Chloë screamed her head off.
‘You know,’ said Doug patiently, ‘he’s only a very baby python.’
Chloë continued to scream. Doug considered the situation.
‘I don’t suppose there’s any point asking you for your phone number, is there?’
‘Eek! Eek! Eek!’
Doug left the house for work eating a slice of toast and giving bits to Fluffy.
‘Why can’t we meet a nice girl, eh, Fluff? I mean, we’re nice guys, aren’t we?’
He turned into the road.
‘Hmm. I hope she doesn’t want to use the bathroom. I forgot to mention we had your dad staying for the weekend.’

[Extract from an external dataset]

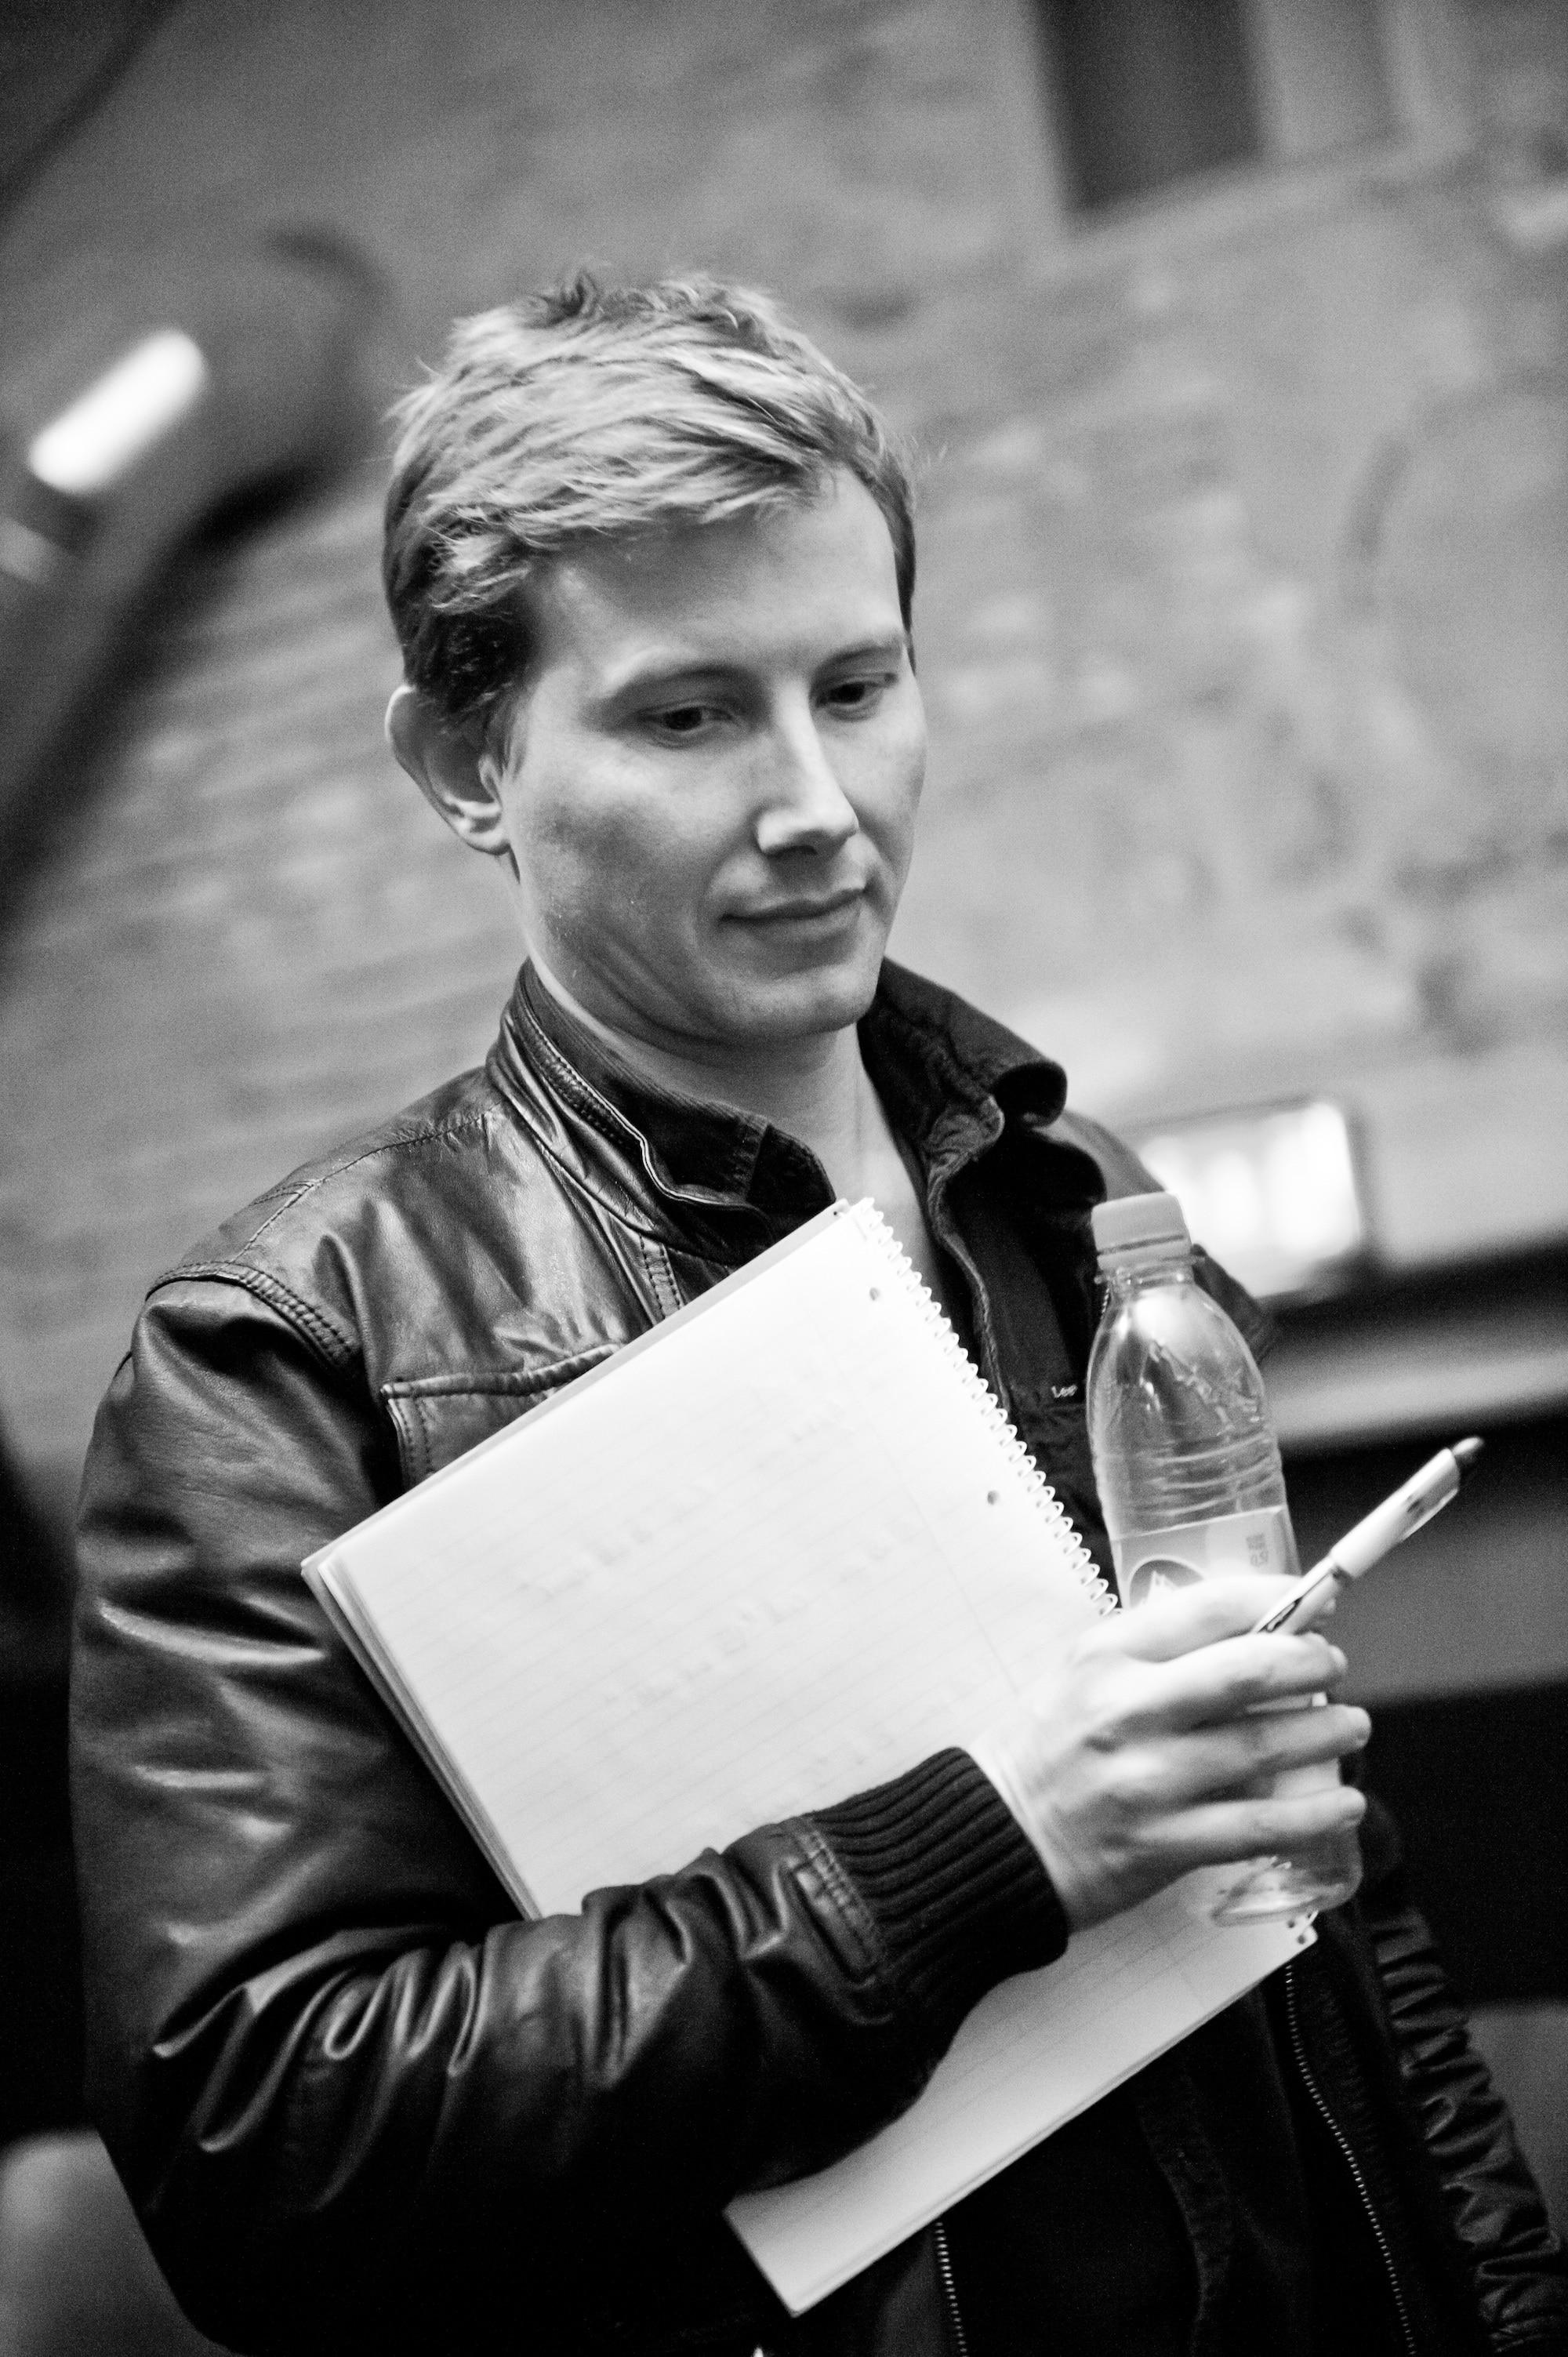 tom daley filmmaker industrial scripts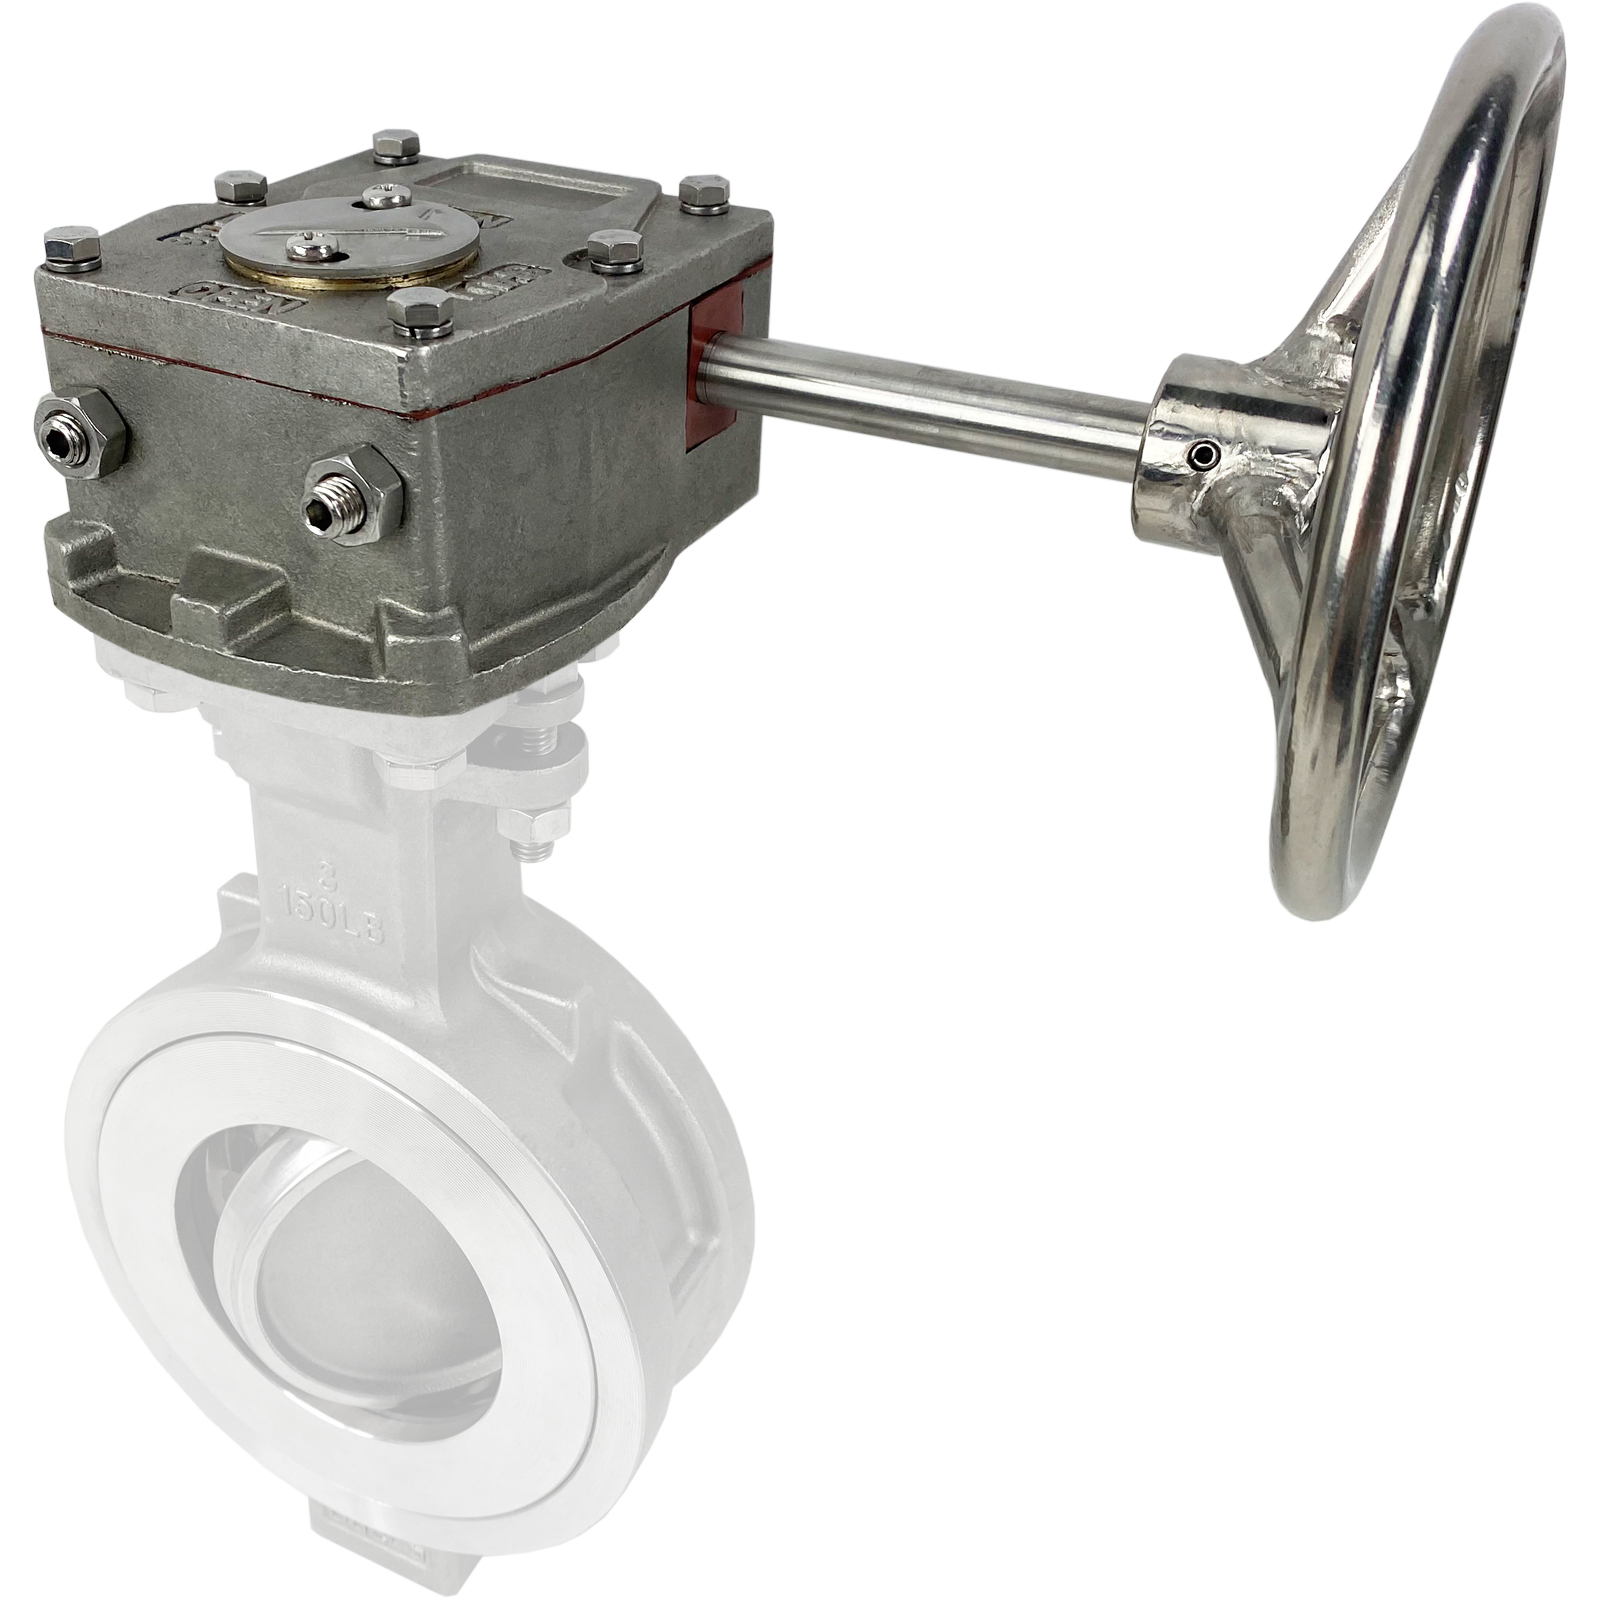 High Performance Gear Operator Handwheel, 11mm Drive

From inside the house came the sound of glass breaking.
‘Eek! Eek! Eek!’
Doug and his fat friend Spoons had set up the Solarium Aquarium with the money Spoons got when his dad was hiding it from his dodgy road-haulage business. The Solarium had been Spoons’ idea: ‘People can come in, get all their reptile needs and a suntan at the same time – and it rhymes! Brilliant, eh?’
Doug took care of the reptile end, and didn’t quite share Spoons’ vision. He personally wouldn’t mind lying down completely naked and defenceless amidst lots of writhing dangerous things, but lots of people, apparently, did. The solarium wasn’t going too well at all, although it did mean Spoons got to be bright orange at all times. This didn’t help his pulling tactics though, as being fat, snaky and bright orange isn’t actually that much more attractive than, say, just being fat and snaky. Doug, being tallish, and ruggedish, was a bit of a looker for a herpetologist, and supplied much of Spoons’ fantasy requirements.
‘Tops?’ asked Spoons avidly.
‘Yes,’ said Doug.
‘Fingers?’
‘Yup.’
‘You did it?’
‘Yes, yes, yes.’
‘And you’re miserable?’
‘Spoons, I’m a sensitive guy, OK? Maybe I’m just looking for that little bit more.’